Structured Outputs
Generate structured responses from LLMs using custom JSON schemas.
Overview
Structured outputs allow you to constrain LLM responses to follow specific formats, making it easier to integrate AI into your applications. Instead of dealing with free-form text, you can get responses in predictable JSON structures that match your application's data models.
Use Cases
Form Data Extraction
Extract structured information from natural language inputs, perfect for:
- User registration forms
- Booking systems
- Support ticket classification
- Customer feedback analysis
Data Parsing
Transform unstructured data into structured formats for:
- Meeting notes summarization
- Sales lead qualification
- Document processing
- Event extraction from text
Basic Example: Hotel Booking System
Here's how to extract booking information from natural language queries:
from pydantic import BaseModel
from openai import OpenAI
# Define the schemas
class UserDetails(BaseModel):
name: str
booking_id: str
class BookingDetails(BaseModel):
check_in_date: str
check_out_date: str
free_breakfast: bool
# Initialize the client
client = OpenAI(
base_url="api.brilliantai.co",
api_key="<YOUR_BRILLIANTAI_API_KEY>"
)
# Extract user details from natural language
user_query = """
Hello, my name is Jane Smith. My booking ID is 2345452xyz.
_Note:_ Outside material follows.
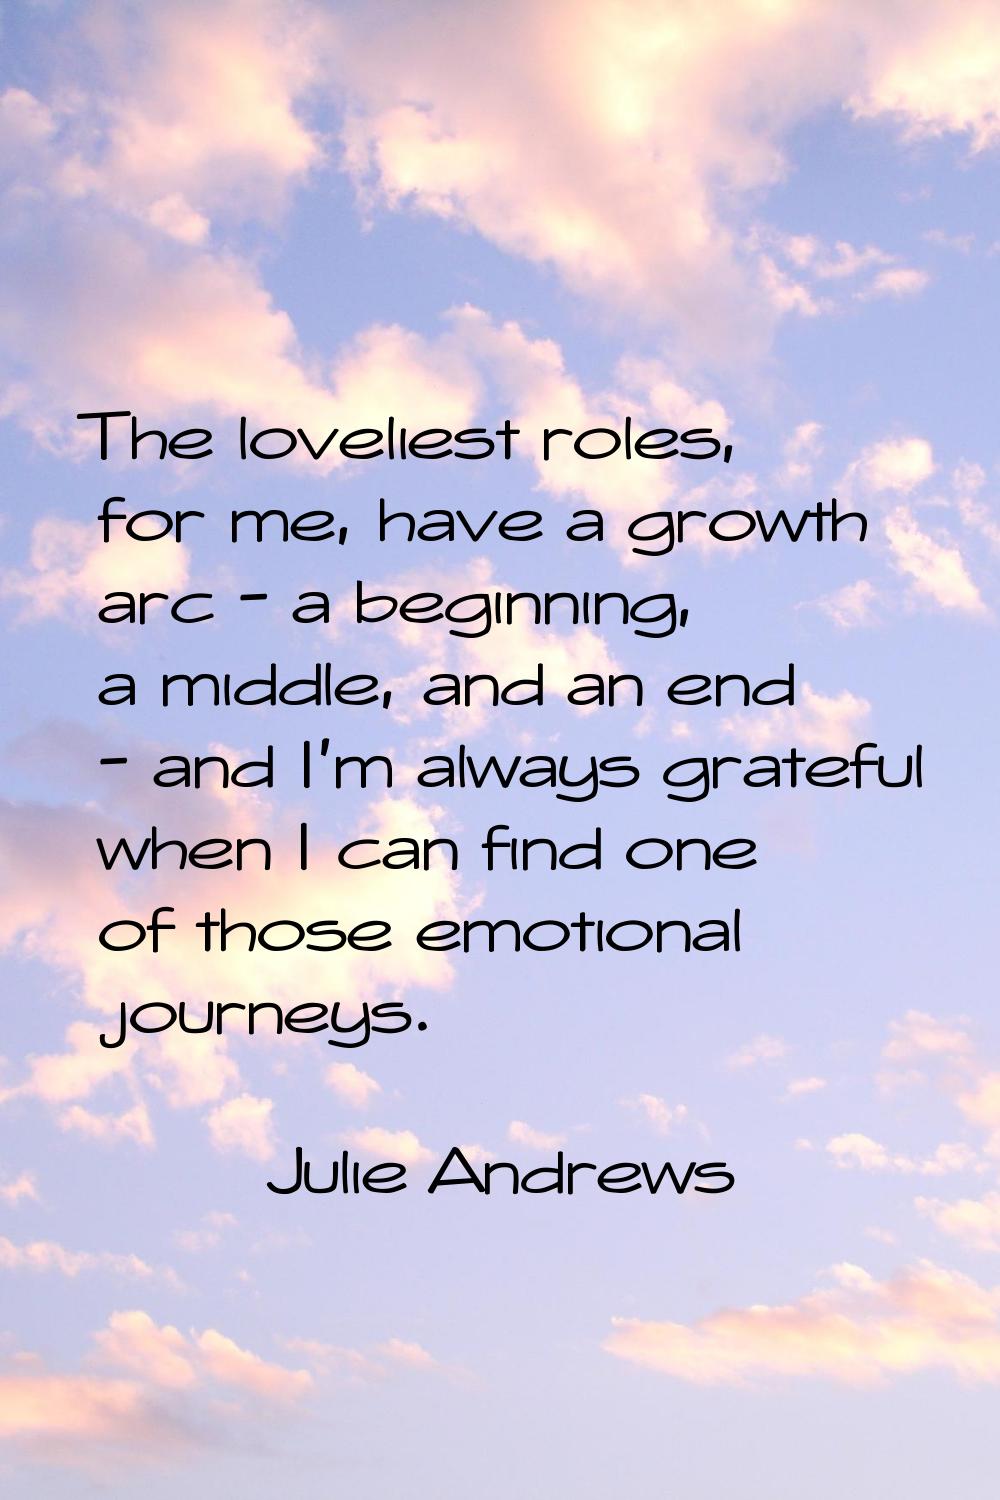 The loveliest roles, for me, have a growth arc - a beginning, a middle, and an end - and I'm always
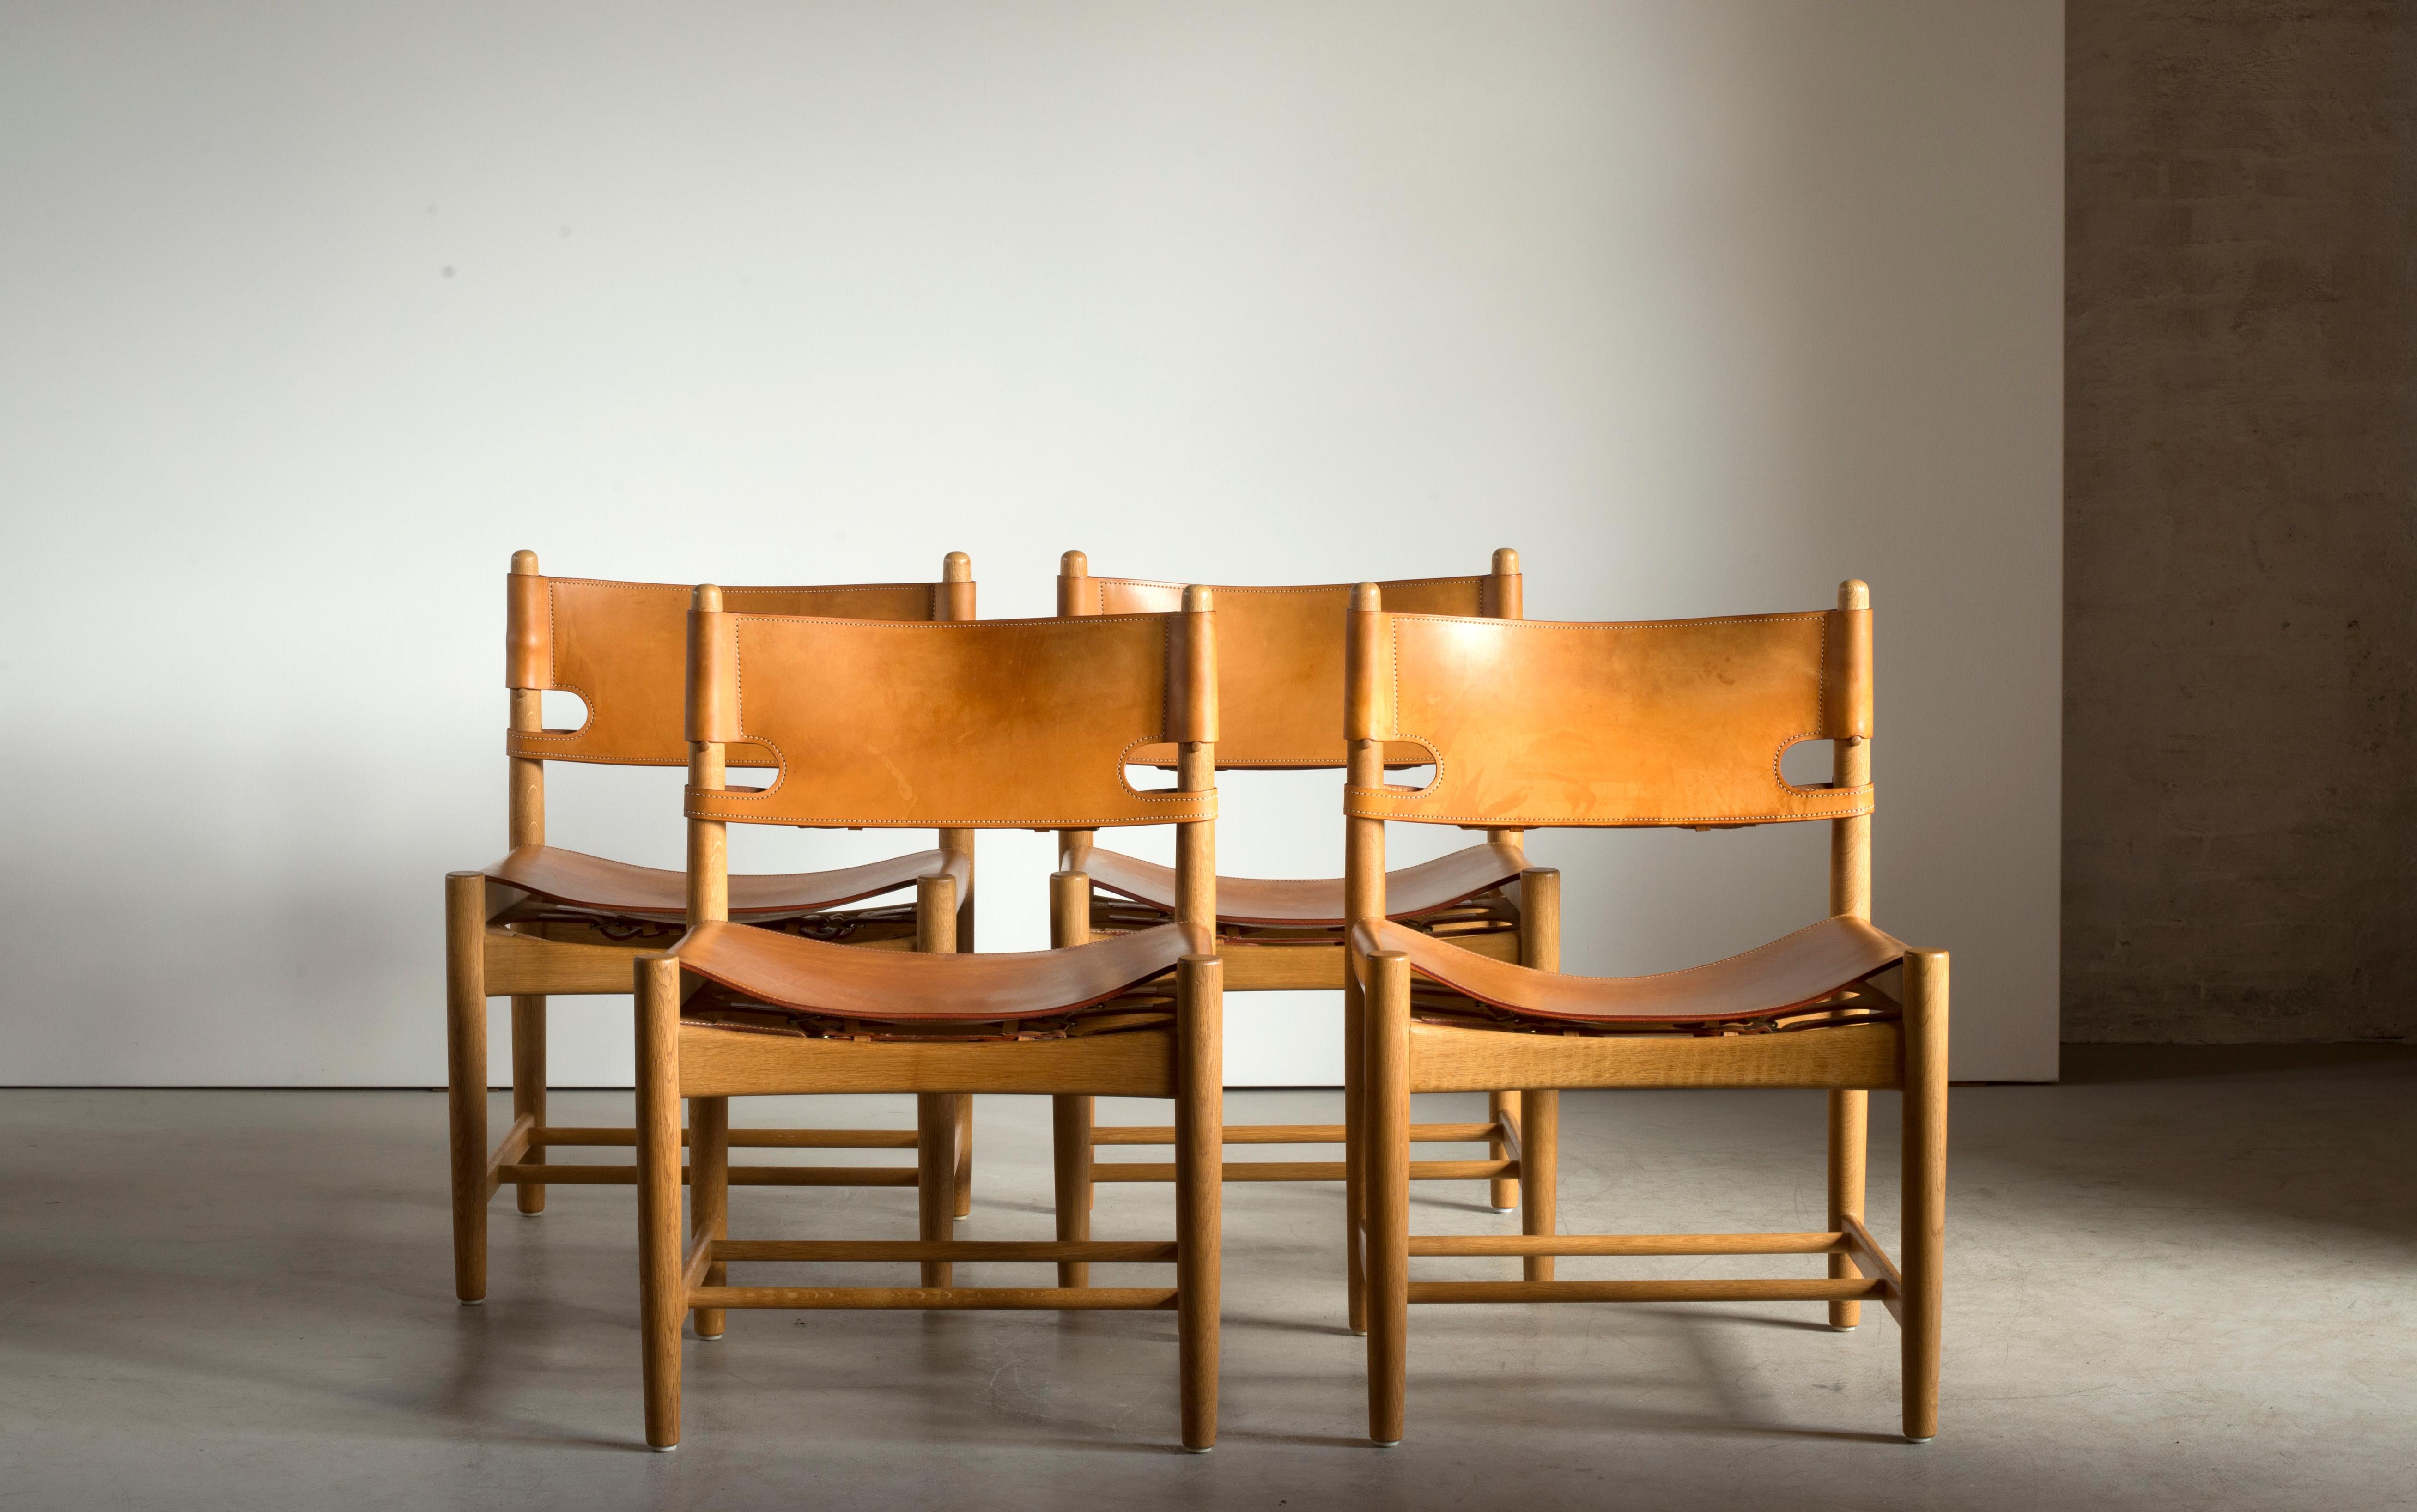 Børge Mogensen set of four dining chairs in oak and natural tanned leather. Executed by Fredericia Furniture.

Do I get free breakfast with my stay?
"""
completion = client.beta.chat.completions.parse(
model="llama-3.3-70b",
messages=[
{
"role": "system",
"content": "Extract the name and booking ID in the provided format."
},
{
"role": "user",
"content": user_query
}
],
response_format=UserDetails
)
user_details = completion.choices[0].parsed.model_dump_json(indent=4)
print("Extracted User Details:")
print(user_details)
This outputs:
{
"name": "Jane Smith",
"booking_id": "2345452xyz"
}
Returning Booking Information
After looking up the booking details, you can format the response:
# Simulate booking lookup
booking_info = {
"check_in_date": "04/04/2024",
"check_out_date": "07/04/2024",
"free_breakfast": False
}
completion = client.beta.chat.completions.parse(
model="llama-3.3-70b",
messages=[
{
"role": "system",
"content": "Use these provided details to answer the user's queries in the required format."
},
{
"role": "user",
"content": user_query
}
],
response_format=BookingDetails
)
booking_details = completion.choices[0].parsed.model_dump_json(indent=4)
print("\nBooking Details Response:")
print(booking_details)
Advanced Example: Sales Notes Analysis
Extract structured information from unstructured sales notes:
from typing import List
from pydantic import BaseModel
class SalesSummary(BaseModel):
date: str
prospects: List[str]
key_points: List[str]
action_items: List[str]
sales_note = """
Date: 30/10/2024. Just had a great call with Sarah Johnson (VP of Engineering)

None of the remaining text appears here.